Abstract

The morphology of muscle attachment sites, or entheses, has long been assumed to directly reflect in vivo muscle activity. The purpose of this study is to examine whether variations in muscle activity that are within normal physiological limits are reflected in variations in external attachment site morphology. This study tests the hypothesis that increased muscle activity (magnitude, number and frequency of loading cycles) results in the hypertrophy of muscle attachment sites. The attachment sites of six limb muscles and one muscle of mastication (control) in mature female sheep were measured and compared in exercised (weighted treadmill running for 1 h per day for 90 days) and sedentary control animals. Attachment site surface morphology was assessed by quantifying the size (3D surface area) and complexity (fractal dimension parallel and perpendicular to soft tissue attachment) of the surfaces. The results of this study demonstrate no effect of the exercise treatment used in this experiment on any measure of enthesis morphology.
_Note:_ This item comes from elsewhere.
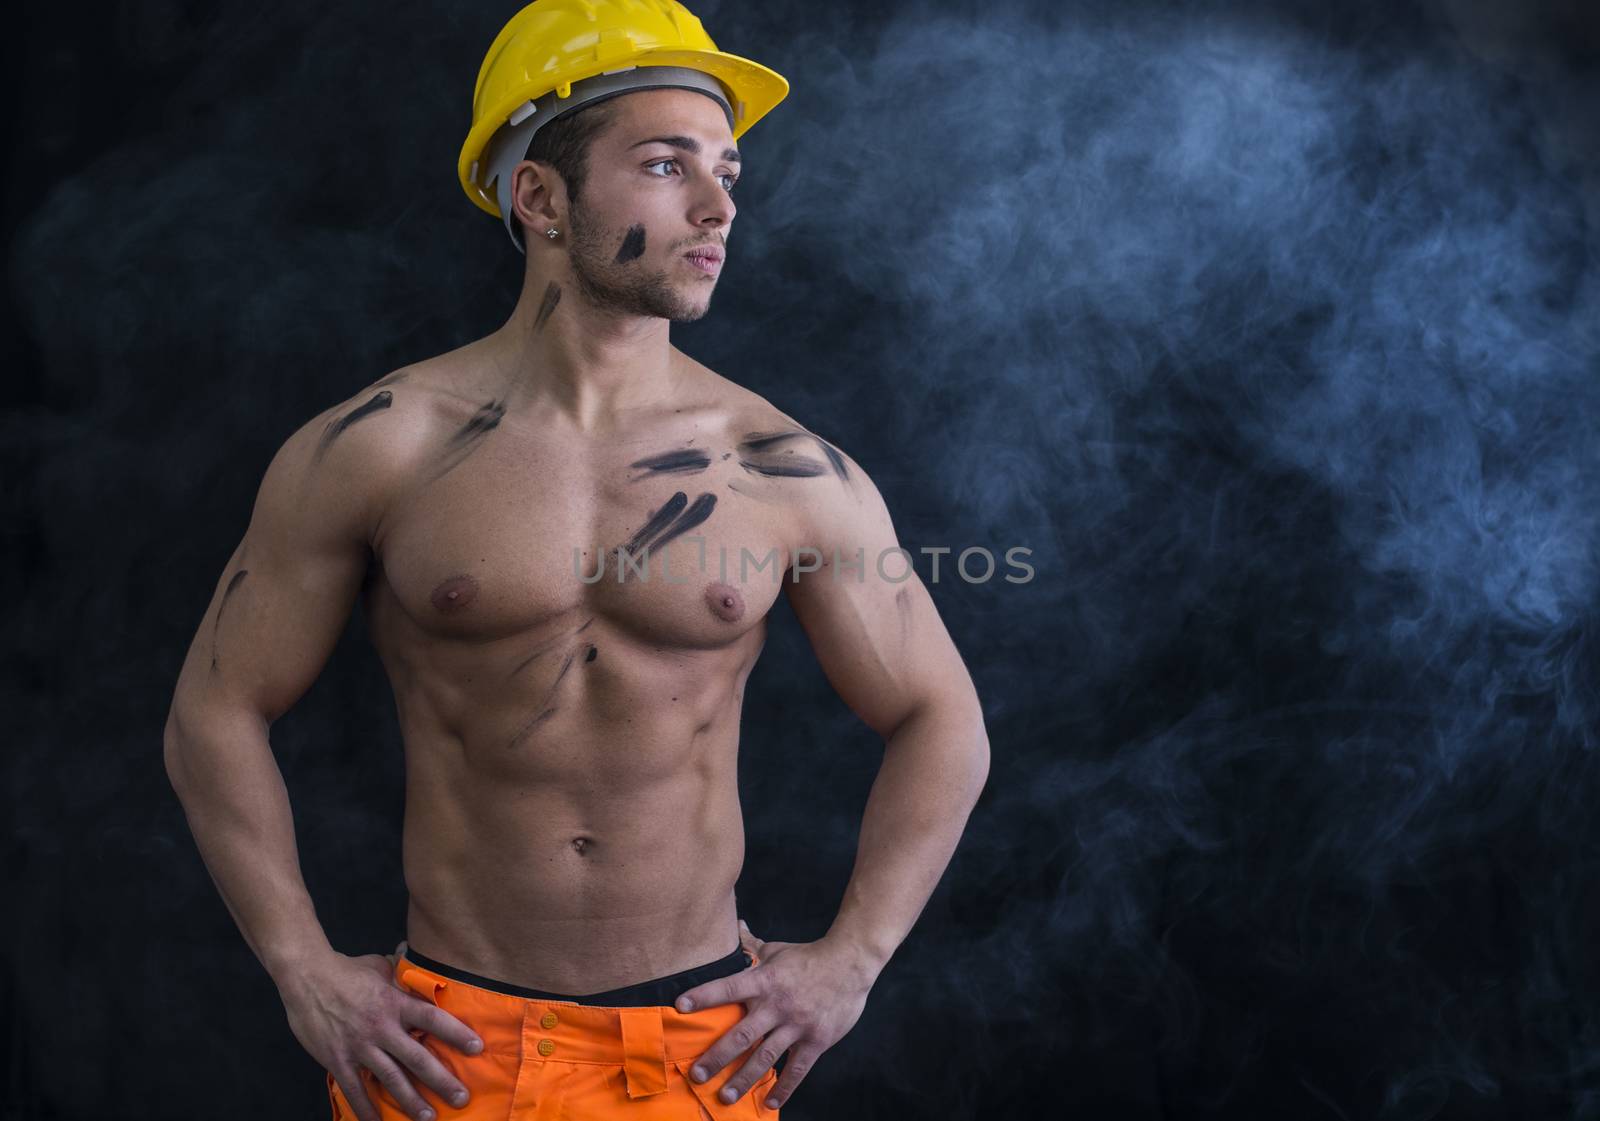 Muscular young construction worker shirtless wearing hardhat, dark background with smoke

Potential explanations for the lack of exercise response include the mature age of the animals, inappropriate stimulus type for inducing morphological change, or failure to surpass a hypothetical threshold of load for inducing morphological change. However, further tests also demonstrate no relationship between muscle size and either attachment site size or complexity in sedentary control animals. The results of this study indicate that the attachment site morphological parameters measured in this study do not reflect muscle size or activity. In spite of decades of assumption otherwise, there appears to be no direct causal relationship between muscle size or activity and attachment site morphology, and reconstructions of behavior based on these features should be viewed with caution.